Employment growth now running close to 2.5% annualised.

Increasing shift to full time jobs points to further step up in labour market conditions.

Strong gains in Construction and Industry jobs but Consumer focussed firms still cautious.

Unemployment now below 10% and could edge below 9% by end-year.

Irish jobs data for the first three months of 2015 point towards a strong momentum in employment growth as the recovery in economic activity builds and broadens. An increasing shift to growth in fulltime jobs, broadly based gains in terms of the sectoral and geographic breakdowns and a drop in the unemployment rate below 10% all point towards a step-up in labour market conditions of late and suggest a clear improvement in the jobs market is now well established. As diagram 1 indicates, this improvement has been altogether more gradual than the deterioration it followed but the diagram also emphasises that the steady progress that is being made in in both employment and unemployment in what is still a challenging economic global economic environment.

Numbers at work in the Irish economy were 12.5k higher (+0.6%) in the first quarter of 2015 than in the previous quarter and 41.3k higher than a year earlier (+2.2%). In turn, these data should further underpin expectations of another year of rapid GDP growth in 2015 as well as the sense that the Irish economy is now set on a strong and sustainable trajectory.  With annualised jobs growth now running close to 2.5%, this appears consistent with an overall economic growth rate in the region of 4%.

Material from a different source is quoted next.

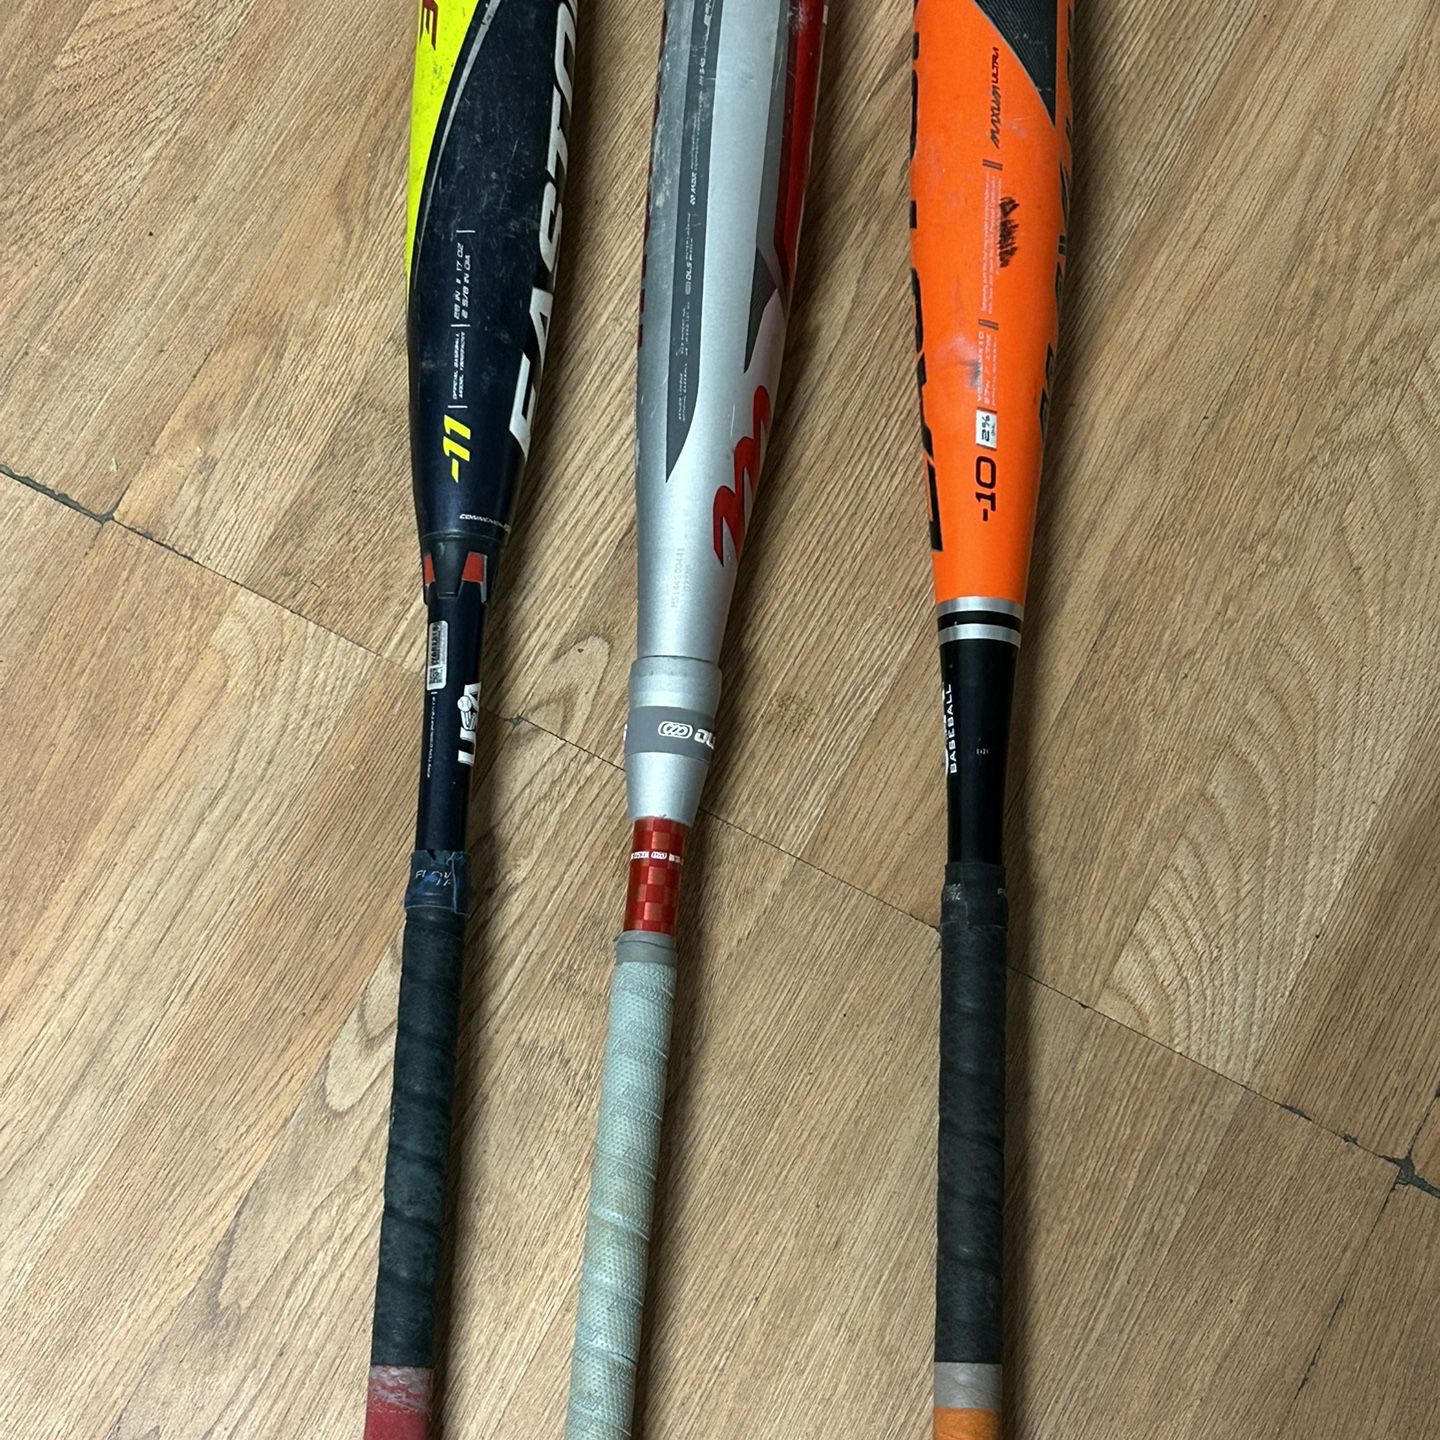 Baseball Bats

A broadly similar quarterly pace of job growth has now been recorded in six of the past eight quarters. However, the details suggest a progressive improvement in labour market conditions has occurred through this period. Since the final quarter of 2012, full-time employment has consistently grown faster than part time employment. In the past two quarters, part-time employment has fallen but this was more than offset by strong gains in full-time employment (+17.6K and +16.7k). This hints that Irish economy firms have adjusted employee numbers and hours worked in response to, rather than in anticipation of, stronger activity levels.

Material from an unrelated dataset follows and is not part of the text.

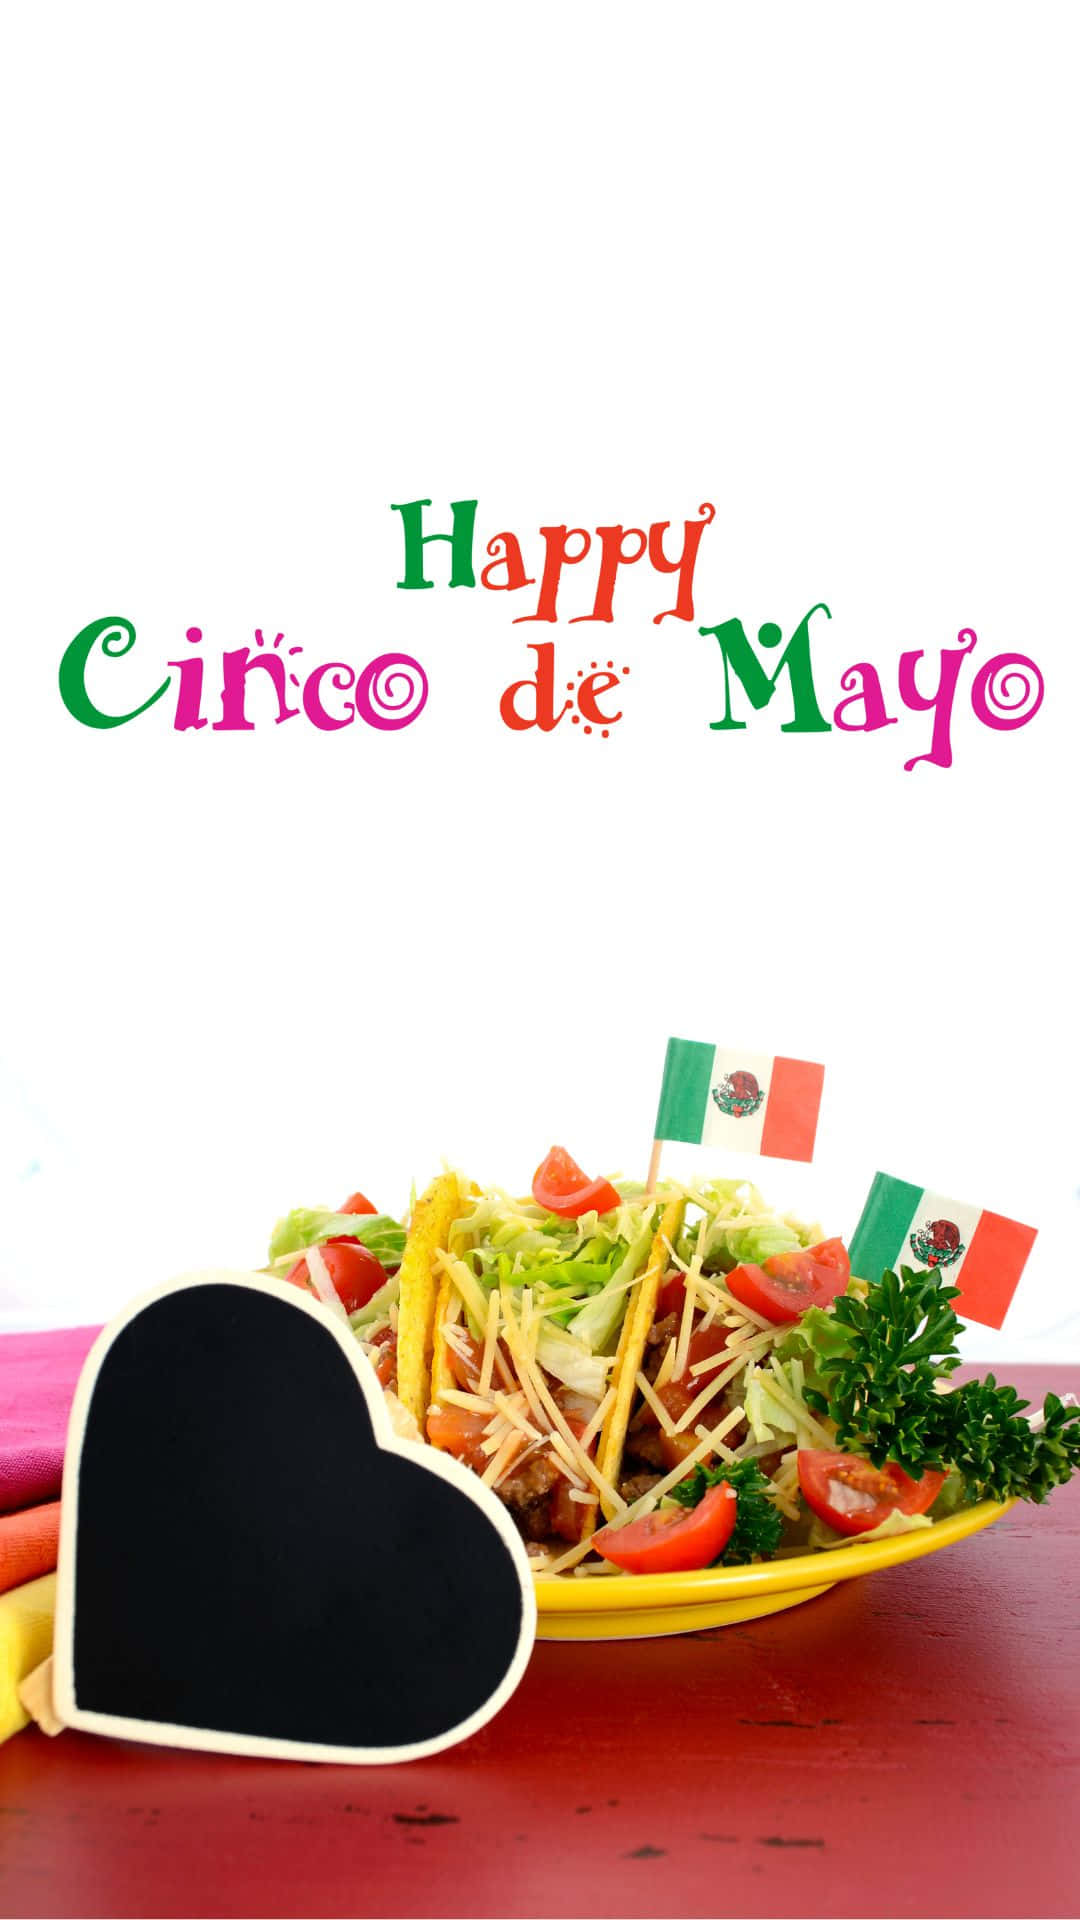 Gladcinco De Mayo - Hd Baggrunde Wallpaper

The sectoral breakdown of jobs growth in early 2015 shows strong increases in construction and industry. The former reflects the emerging upswing in building activity as price developments signal notable shortages in a number of segments. The latter likely stems from the improved competitive position of the Irish economy as well as solid demand in important trading partners such as the US and UK.

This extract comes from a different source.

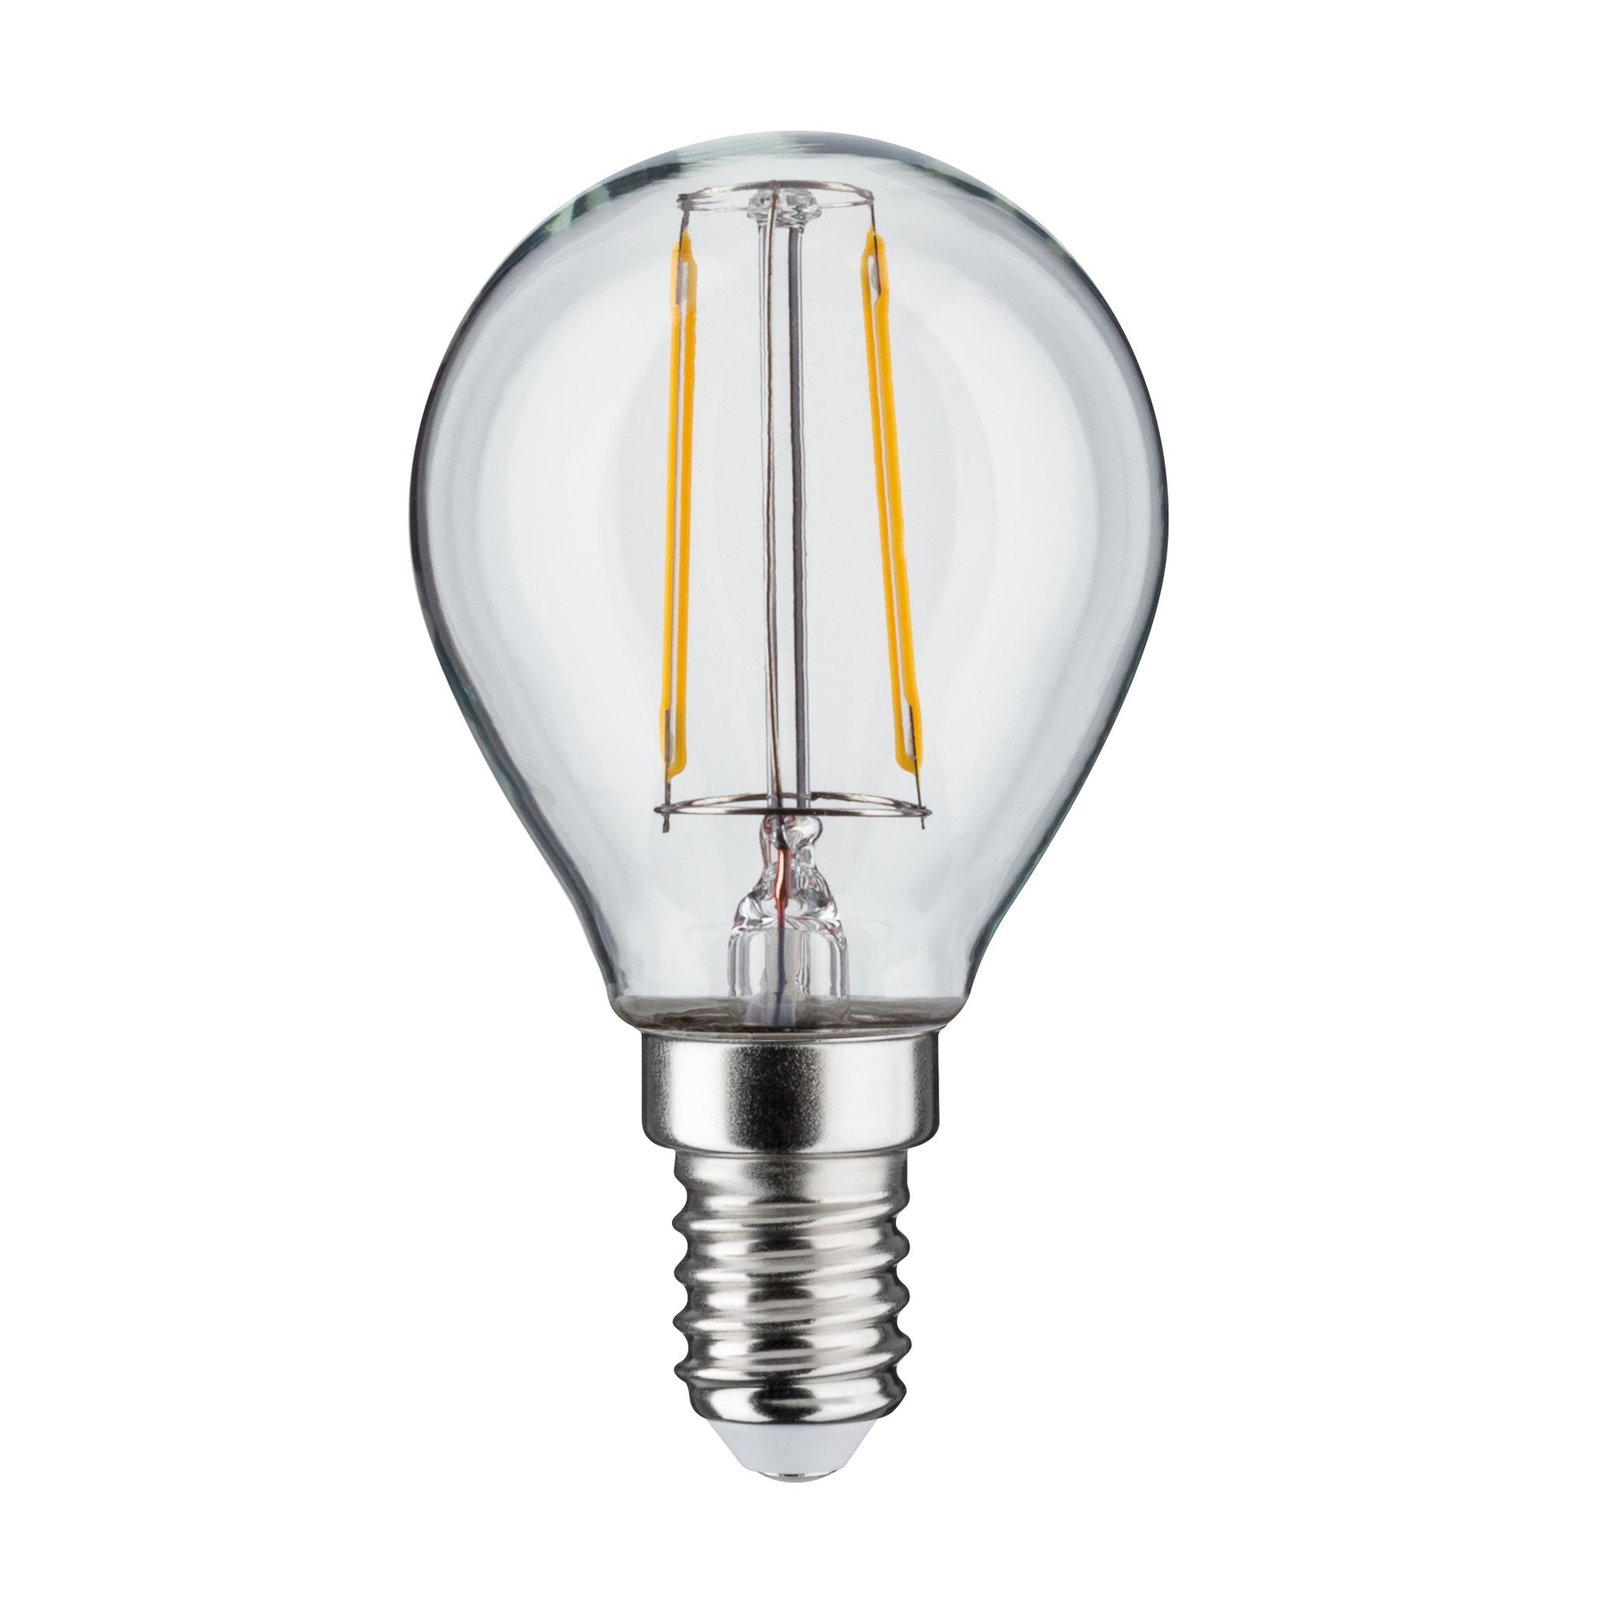 Paulmann LED-Lampe E14 2,7W 2700K Filament 2er-Set

There was some decline in employment in some sectors focussed on the Irish consumer that may reflect the uneven nature of the turn in consumer spending and a cautious approach to hiring noted above. The first quarter also saw a surprisingly large drop in numbers at work in professional, scientific and technical activities (-6.4k) that is difficult to reconcile with the broad economic picture and may reflect some sampling or seasonal adjustment problems.

Today’s data show a quarterly drop in unemployment (-10k) that broadly matches the rise in employment (+12.5k). As a result, the seasonally adjusted unemployment rate fell to 9.9%, the first time it has been below 10% since the final three months of 2008. We previously felt the unemployment rate would drop close to 9% by end 2015. Today’s data suggest it might fall just under 9% by the end of this year.